Maria’s words were truth.

She recounted a story I will not soon forget. Many of us get lost along the diverging labyrinths and paths in life. Some are darker than others, but sometimes detours are where the miraculous awakening of the spirit is found. A dear friend was lost to addiction, his family tried to help but soon realized they could not. His eyes were vacant, hollow. He had to want help, want to change. He pushed them away and his addiction pulled him into homelessness. Day after day, a policeman walked by and told him that when he was ready for help, to come to the station and they would help. Years went by along with the dwindling of his soul. One morning, he woke up and propelled himself to the station. That day he chose the journey of recovery, sobriety and reconnection with his family. He’s married and doing really well. Now when he walks the streets past those in the grip of addiction and homelessness, he lets them know that when they are ready, he is there to help. His eyes now had that glint, that life, that…

There it was again, that something there just hovering, teasing to be grasped. What was that just on the periphery?

 

The Vision of St. Anthony of Padua - Bartolomé Esteban Murillo

 

I was then reminded of the true accounting told by Clara, historian extraordinaire, of the painting in Seville Cathedral by Bartolomé Esteban Murillo – The Vision of Saint Anthony of Padua. In 1874, the clergy woke to find that Saint Anthony had been cut out of the canvas leaving a gaping hole in the painting. The church had lost their beloved patron saint of lost and found things—the irony. It was in all the papers worldwide. Several months later, a dealer at a pawn shop in New York purchased the fragment from an anonymous seller.

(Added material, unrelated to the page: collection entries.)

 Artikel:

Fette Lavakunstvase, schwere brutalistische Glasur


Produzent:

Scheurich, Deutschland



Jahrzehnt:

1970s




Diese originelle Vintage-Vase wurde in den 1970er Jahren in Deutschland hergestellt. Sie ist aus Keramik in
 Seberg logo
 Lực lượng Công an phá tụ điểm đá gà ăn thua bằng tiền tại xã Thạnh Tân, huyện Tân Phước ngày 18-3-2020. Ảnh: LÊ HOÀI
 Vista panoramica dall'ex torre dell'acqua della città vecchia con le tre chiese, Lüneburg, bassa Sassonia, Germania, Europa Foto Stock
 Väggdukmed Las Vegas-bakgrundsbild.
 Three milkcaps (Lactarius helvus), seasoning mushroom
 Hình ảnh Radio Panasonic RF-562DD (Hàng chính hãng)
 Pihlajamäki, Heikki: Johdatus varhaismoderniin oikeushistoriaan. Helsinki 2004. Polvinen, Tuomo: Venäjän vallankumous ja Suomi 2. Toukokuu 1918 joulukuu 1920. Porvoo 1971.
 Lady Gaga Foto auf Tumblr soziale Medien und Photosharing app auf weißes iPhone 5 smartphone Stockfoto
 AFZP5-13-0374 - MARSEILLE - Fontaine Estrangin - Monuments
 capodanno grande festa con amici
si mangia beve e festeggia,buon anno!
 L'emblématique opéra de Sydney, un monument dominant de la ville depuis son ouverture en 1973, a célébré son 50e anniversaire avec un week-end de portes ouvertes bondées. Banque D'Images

The fragment was brought to the embassy and sent back to Seville, Spain where Saint Anthony was restored back into his painting.

—WHAT IS LOST IS FOUND.

To find something so profoundly moving and powerful shared in a dance, a story, the generosity of strangers who seemed like old friends, a myth and a muse on the wind, shaking up paella, a personal touch painted on a tile centuries ago, a pomegranate on a tomb profoundly stabbed, the life breath of a city, the spin of Giralda’s weathervane, the mere company of others…

There is magic, miracles and secrets in Andalusia, but only these can be discovered by standing there and just being, being alive and filled with centuries of taste, touch, smells, feelings, sights, sounds and the whispered word ‘duende’ on the breeze.